When we were all campers at Stella Maris, Kara was the first to jump into the icy lake water and she was the first to beat all the boys at a basketball-shooting contest. When we got on staff together, Kara was the first one to admit how terrified she was at the new summer job. She was the first to find a gorgeous boyfriend, the first to say she was in love. After a day at the beach in Rochester when we both impulsively decided to get our belly buttons pierced, she volunteered to go first. Situations that made me nervous, or I found dangerous and scary, Kara found fun and just a normal part of embracing life.
We worked together at Camp Stella Maris for three summers, and Kara often stayed with my family on weekends when she didn't have time to make the drive back to Syracuse. Is it a cliche to think back on those times and remember nothing but adventures? Like sneaking down behind the chapel for a cigarette and some gossip; running down to the lake for a midnight swim without the rest of staff; going to her brother's when he wasn't home or to her grandparents' cabin to skinny dip. Yet most of our fun together was just spent talking. God, she was so interesting...
I just wanted into that mind of hers. She amazed me in so many ways, and growing up I wanted some of that. I wanted to understand how someone could be so blessed with money but still be so self-less. How can a family with so many kids doing so many things be so very close? How can someone be so daring, and so bold to go first at everything, but at the same time be so sensitive and loving to so many different people? How could a woman pull off being so athletic, but also so sexy and feminine at the same time like she did?
A few years after our last full summer together Kara came back to CSM for a two-week stint. On our final night together we snuck out after midnight, went up to the caretaker's workshop, and found several old name signs from the camp cabins. There were three of us and we each decided to steal the name of our favorite cabin. I took Jogues, my first cabin as a camper and as staff. Kara took Ave's sign, because of her memories from there. The signs were hung high and there was no ladder to reach them, so we pushed a three-wheeler up to the wall. In classic Kara style, she was the first to climb up that rolling vehicle which wouldn't stay steady.
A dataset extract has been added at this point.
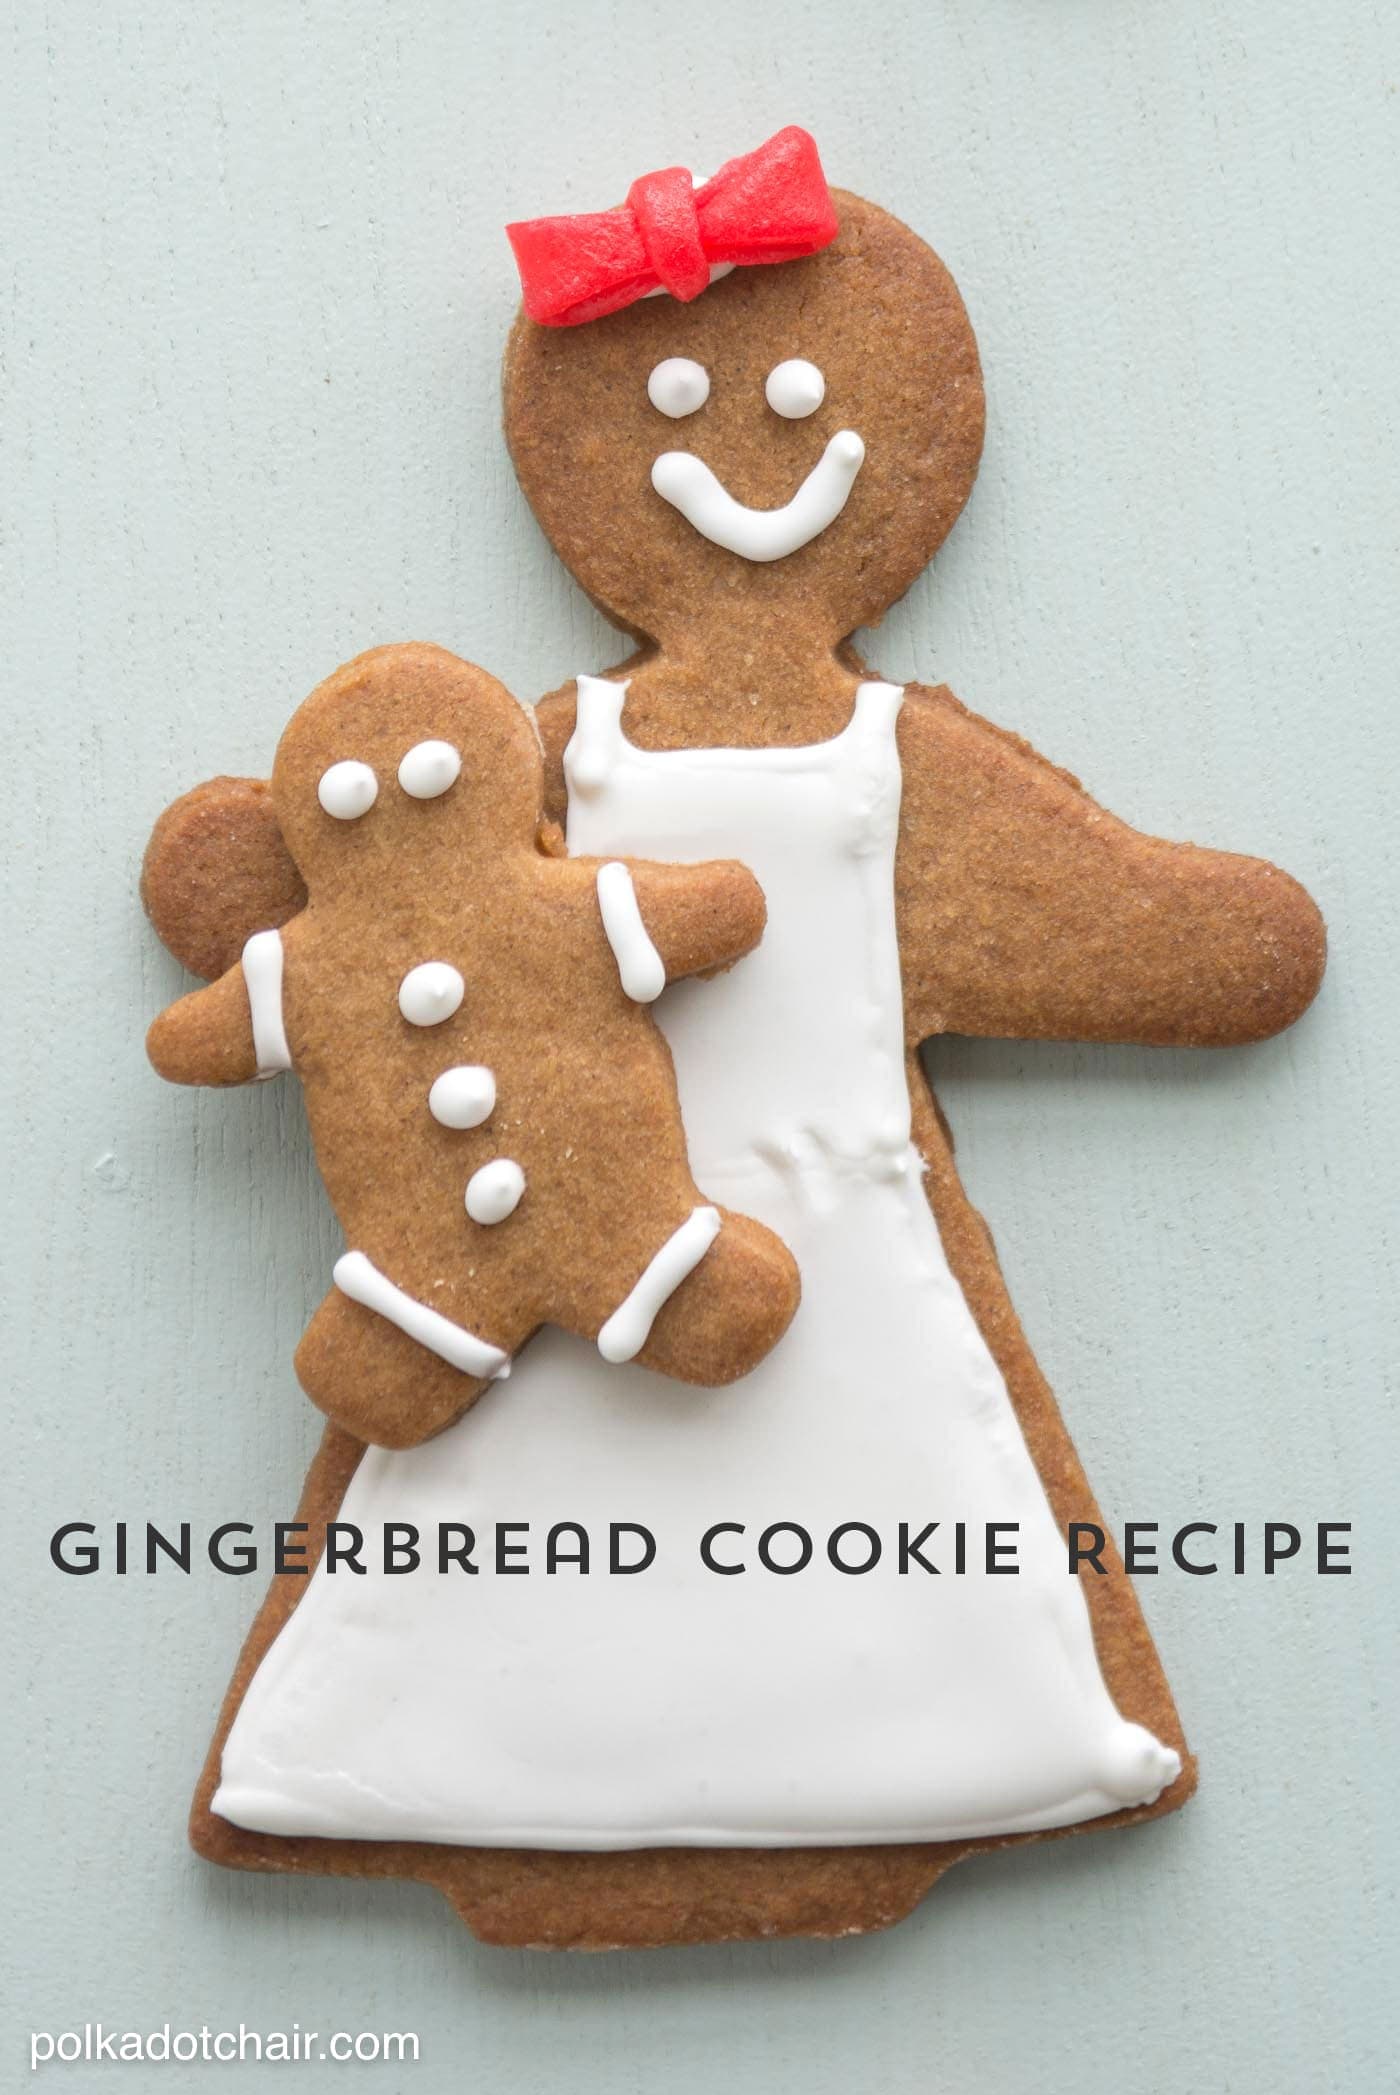 Our Favorite Gingerbread Cookie Recipe

She stayed up there to take all three signs down because we were too scared to climb up ourselves. And yet I was not worried for her because she was someone who never seemed to get hurt pulling those stunts.
While walking back to our beds with our signs, we agreed we would grow up and hang our cabin names over our bathroom doors when we had homes of our own. We would teach our children that instead of asking to go to the bathroom they would ask to go to the "Ave" or the "Jogues." We all agreed to torment our kids this way, and that when the three of us got together 20 years from now we would tell them our story and they would understand how much the deep friendship we formed at Camp Stella Maris meant to us:
It meant reaching deeper and stronger and more lovingly into someone else who could have been so very different from you, and finding a connection so spiritual and so equal that it made you close no matter how many times she went to Africa or how long it had been since we'd last seen each other.
Kara always went first. And in January I learned just how true that was.
I have to remember how I felt when she would always go before me in life. I felt safer; I felt that if she could do it then so could I; and I felt watched and protected. Because what ever it was that Kara had just done, she would turn around and look at me, watching, helping, and encouraging me from the other side.